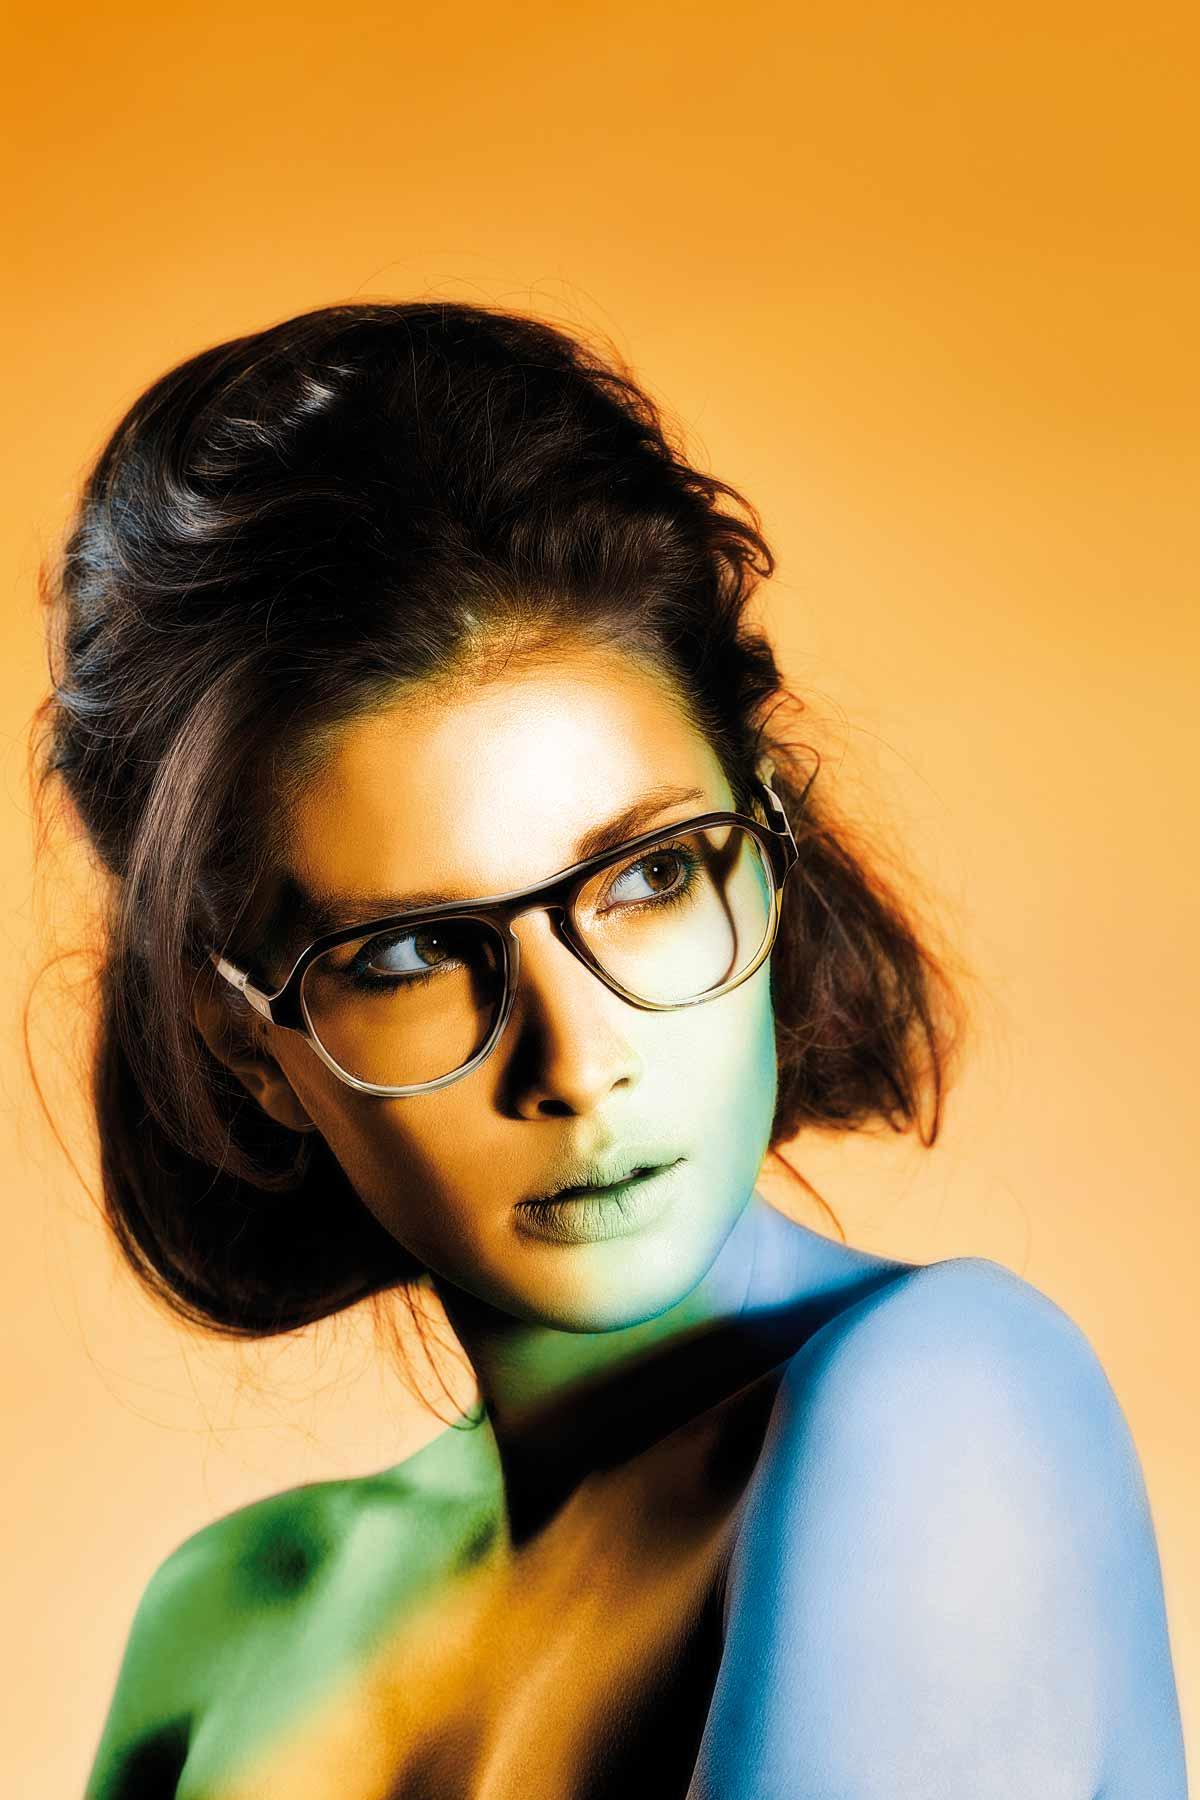 Eyewear Magazine 2_2011.03.13-people-eyewear-23556
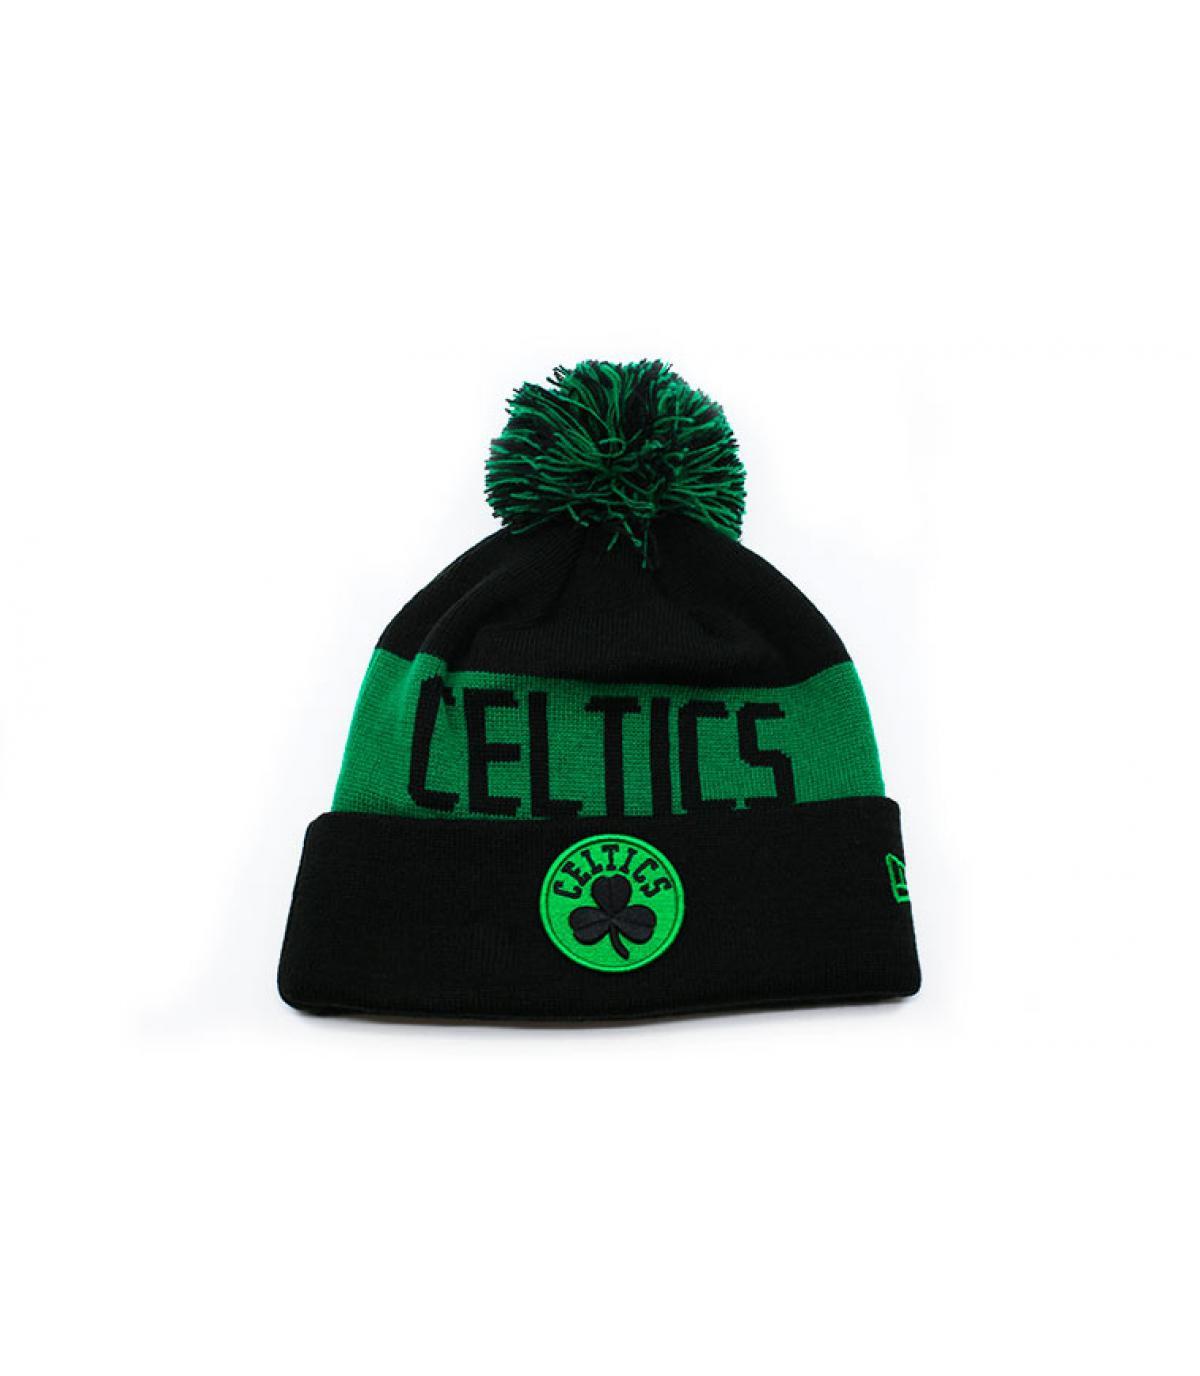 bonnet revers Celtics noir vert
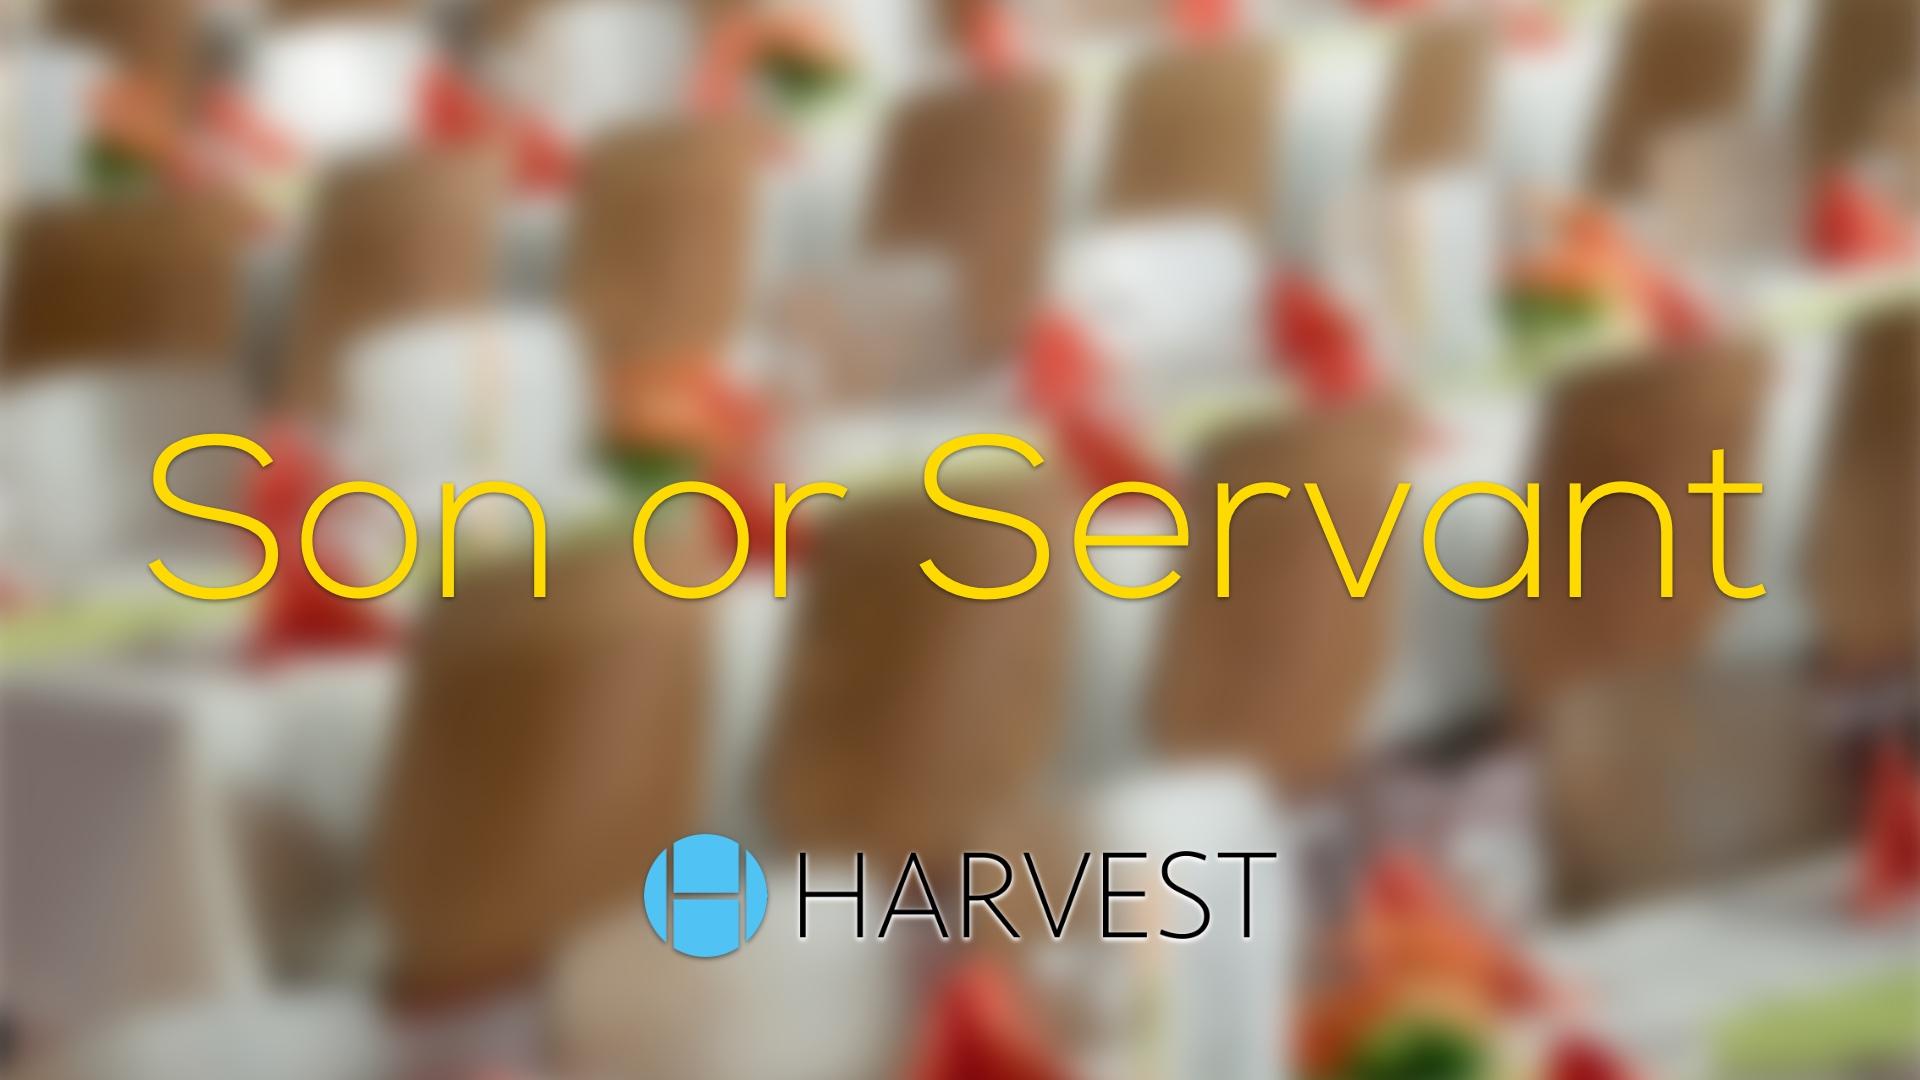 Son or Servant
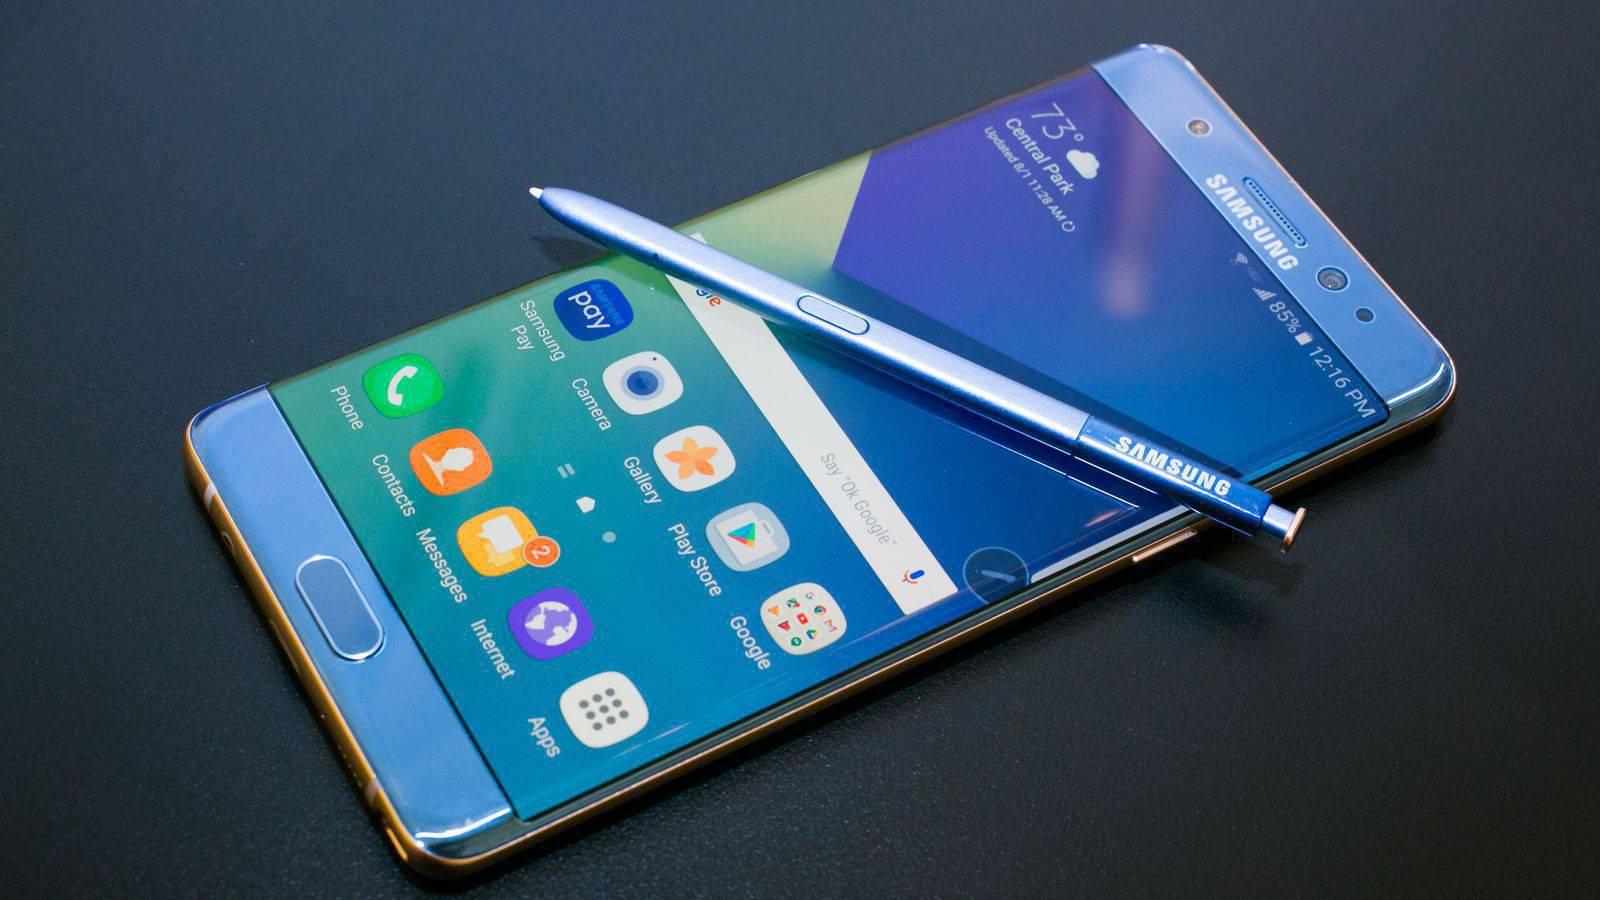 Samsung's Galaxy Note 7 phone

EXERCISE DETAILS – Go through the listing above and write it out again exactly, dropping the pictures.

EXERCISE OUTPUT –
 Eyewear Magazine 2_2011.03.13-people-eyewear-23556
 bonnet revers Celtics noir vert
 Son or Servant
 Samsung's Galaxy Note 7 phone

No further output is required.